15 Jahre nach dem ersten Meistertitel
Der Auftakt ins Achtelfinale gegen Gmunden hat einen historischen Hintergrund.
Wenn am Sonntag (14 Uhr) die Oberwart Gunners gegen die Gmundner Schwäne im Play-off-Achtelfinale in die letzte Phase der laufenden Basketball-Saison starten, weckt das beim Autor nostalgische Gefühle. Schließlich war es die Mannschaft aus Oberösterreich, gegen die die Basketballer aus dem Südburgenland ihren ersten Meistertitel feiern durften.
Damals, im Jahr 2011, schrieb das Team rund um Bernd Volcic, Hannes Ochsenhofer, Hannes Artner und Co. Geschichte. Nach all den Jahren des Wartens, des Hoffens, der Rückschläge – 14 Anläufe, fünfmal knapp dran – war es plötzlich Realität. Dieses 77:75 gegen die Swans Gmunden war kein normales Spiel, es war ein Nervenkampf bis zur letzten Sekunde. Als nach dem vierten Viertel die Schlusssirene ertönte, explodierten alle Emotionen, die sich über all die Jahre angestaut hatten: Jubel, Erleichterung, pure Emotion.
Mehr als nur ein Titel
Es war sofort klar, dass hier mehr gewonnen wurde als ein Meistertitel. In diesem Augenblick fiel all das ab, was sich über Jahre angestaut hatte. Dass ausgerechnet Bernd Volcic seine Karriere mit diesem Triumph beendete und Neno Asceric jene Mannschaft zum Titel führte, gegen die er früher selbst erfolgreich war, wirkte fast wie eine Drehbuch direkt aus Hollywood. Und genau deshalb fühlt sich dieses Duell auch heute noch besonders an. Wenn die Oberwart Gunners am Sonntag im Play-off-Achtelfinale erneut auf die Swans Gmunden treffen, dann ist das nicht nur der Auftakt in eine neue Serie – es ist auch eine Begegnung mit der eigenen Vergangenheit.

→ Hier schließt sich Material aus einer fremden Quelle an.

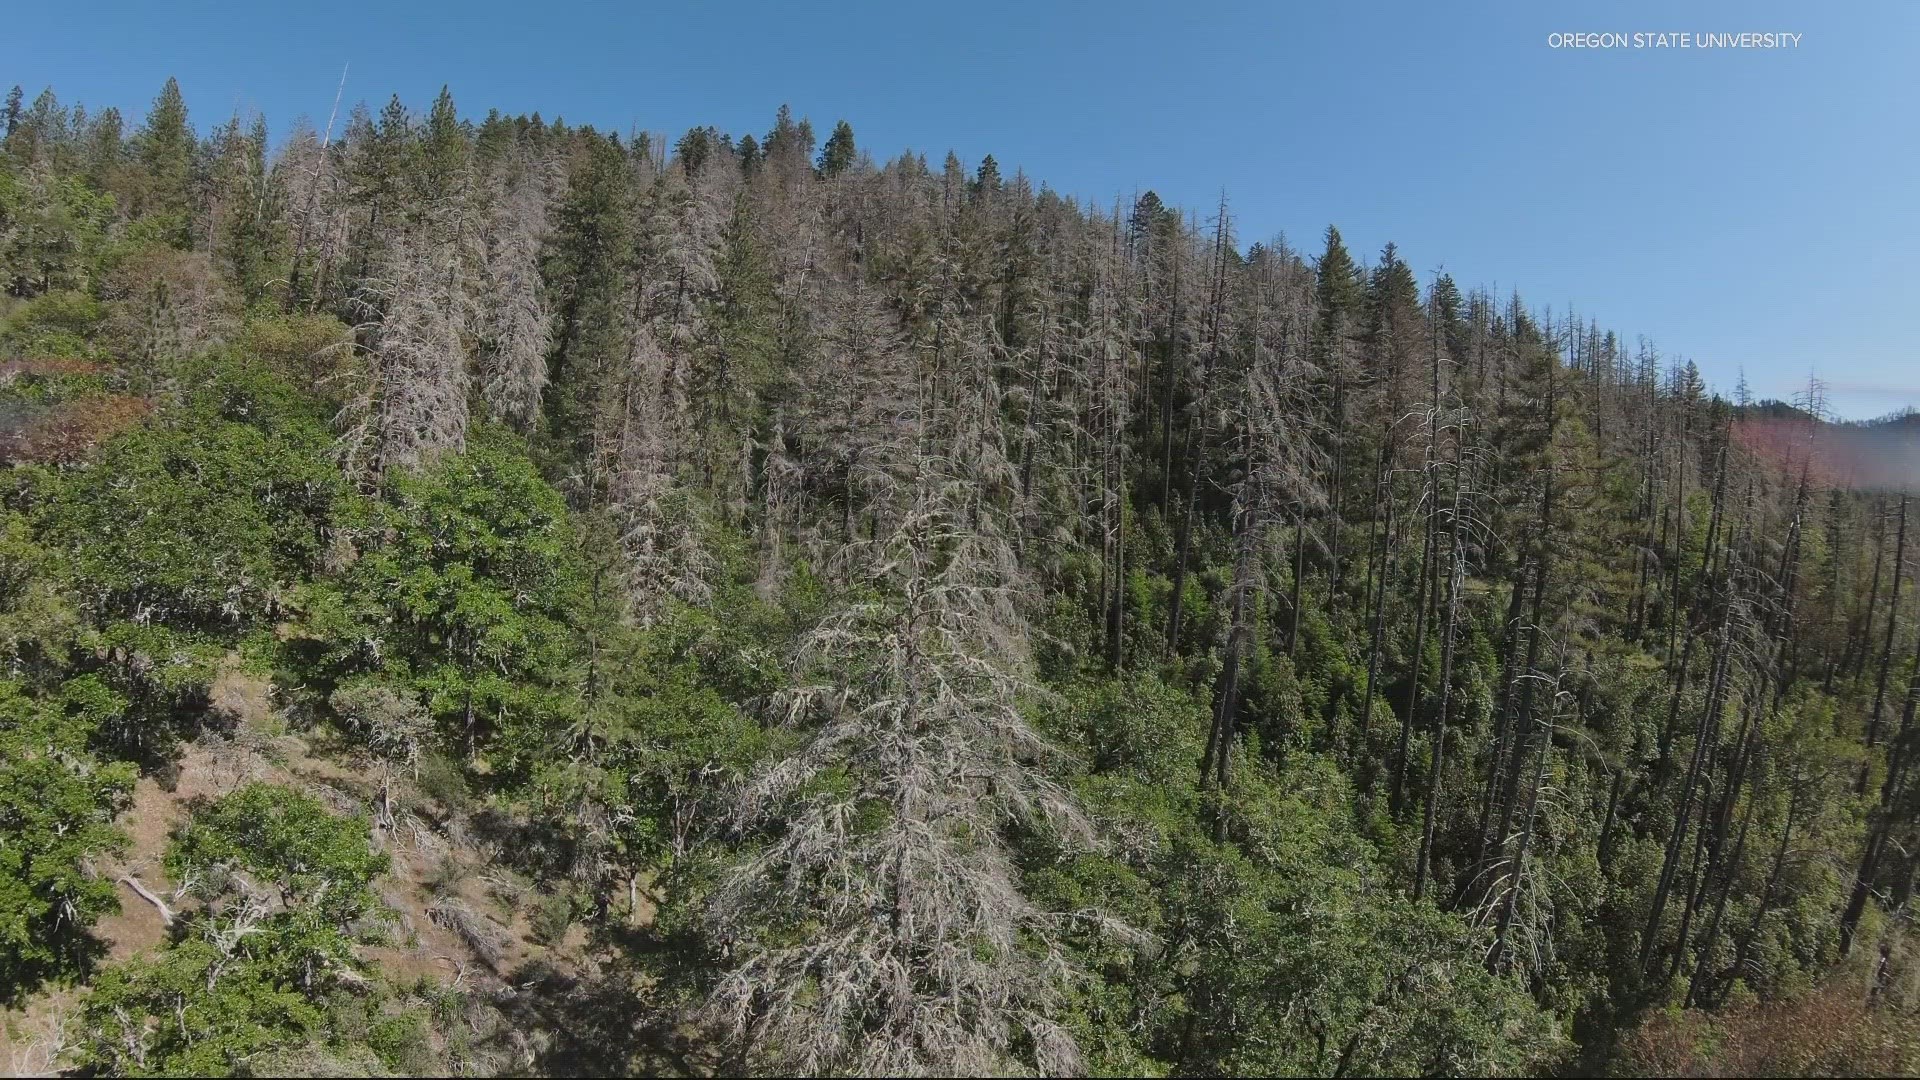 Hotter and drier conditions in recent years have impacted the population of Oregon’s state tree, with wildfires making things worse.
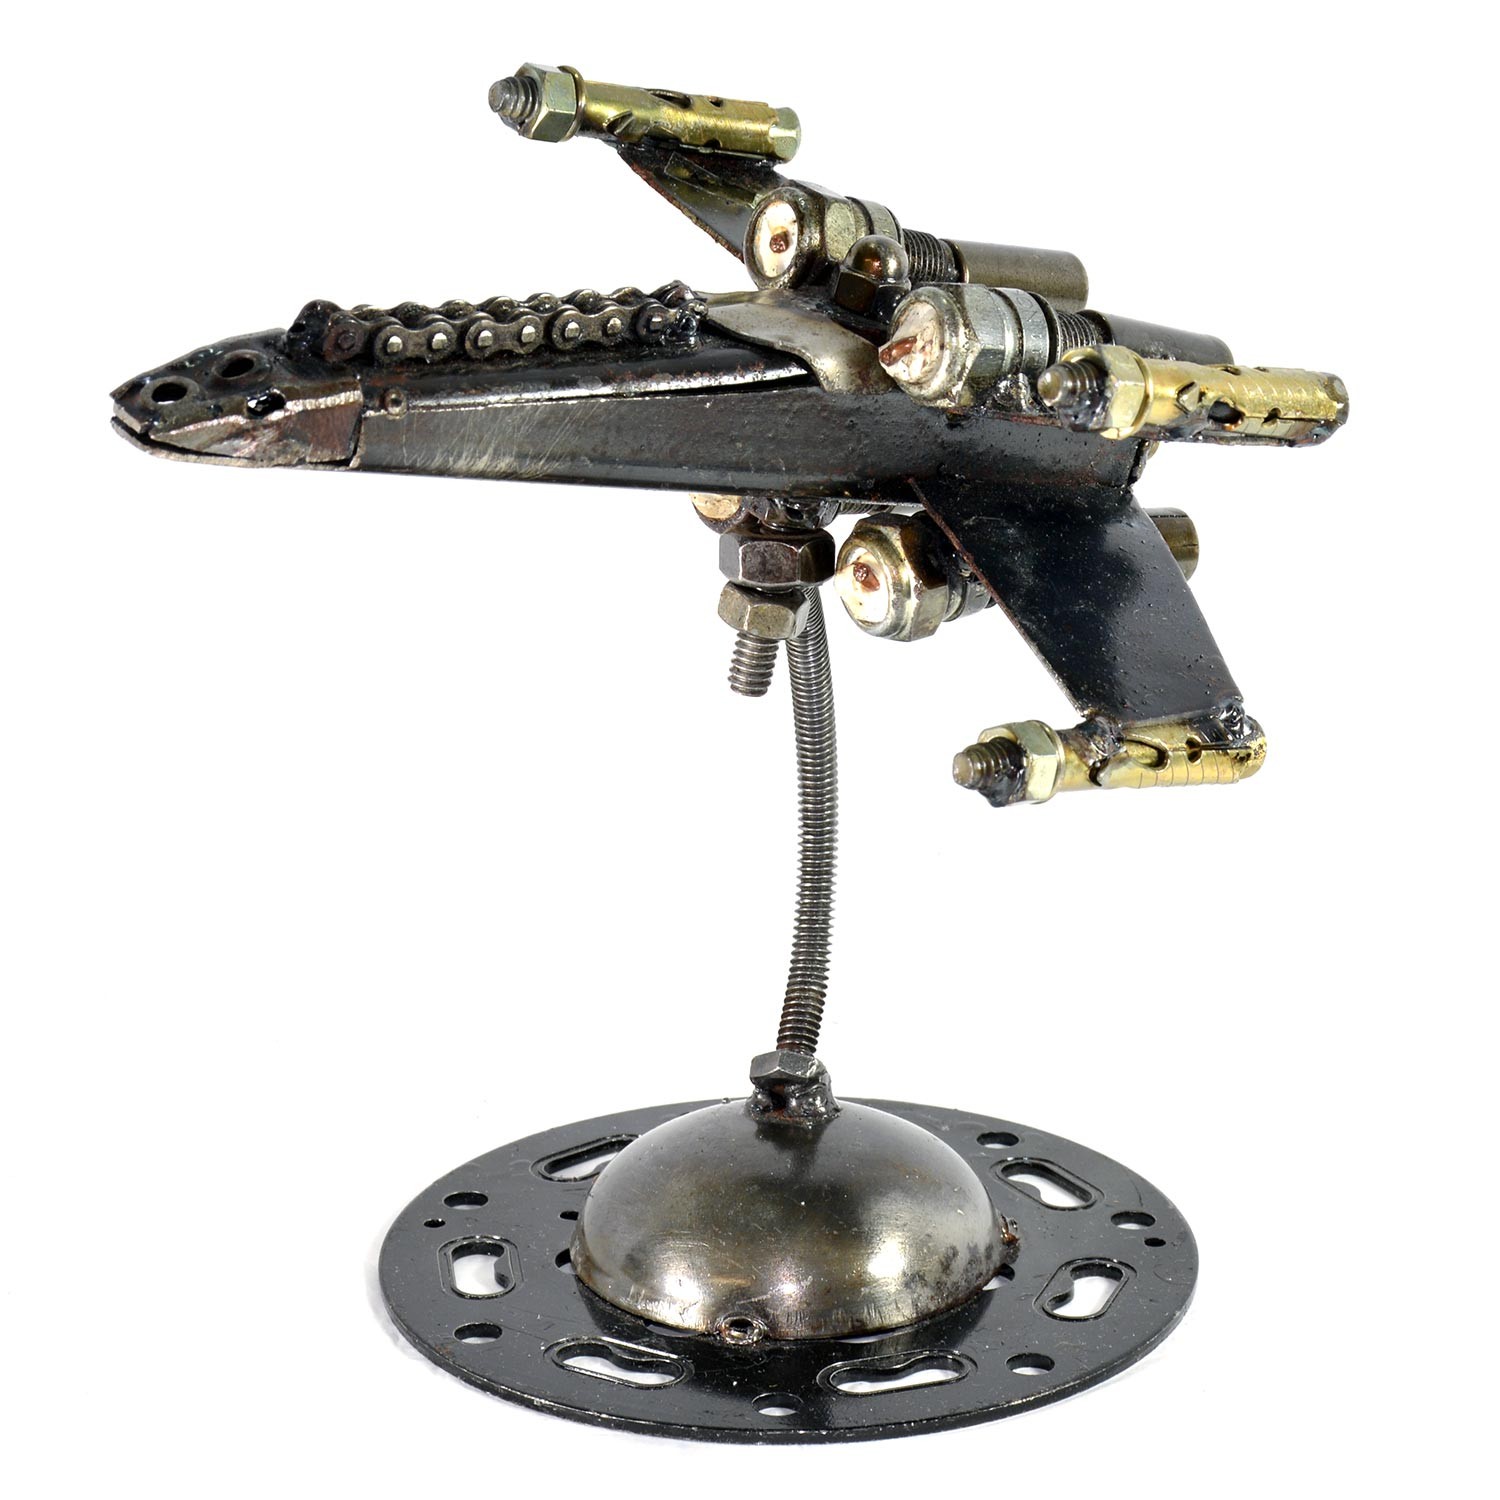 x wing statue

Oberwart geht als Zweiter in die Play-offs, mit Heimvorteil, viel Erfahrung und dem Selbstbewusstseins eines back-to-back Champions. Natürlich ist der dritte Titel in Folge das Ziel von Headcoach Horst Leitner, der Mannschaft und der gesamten Organisation. Vielleicht ist es diesmal nur ein Achtelfinale – oder wieder der Anfang von etwas, das weit über eine Saison hinaus in Erinnerung bleibt.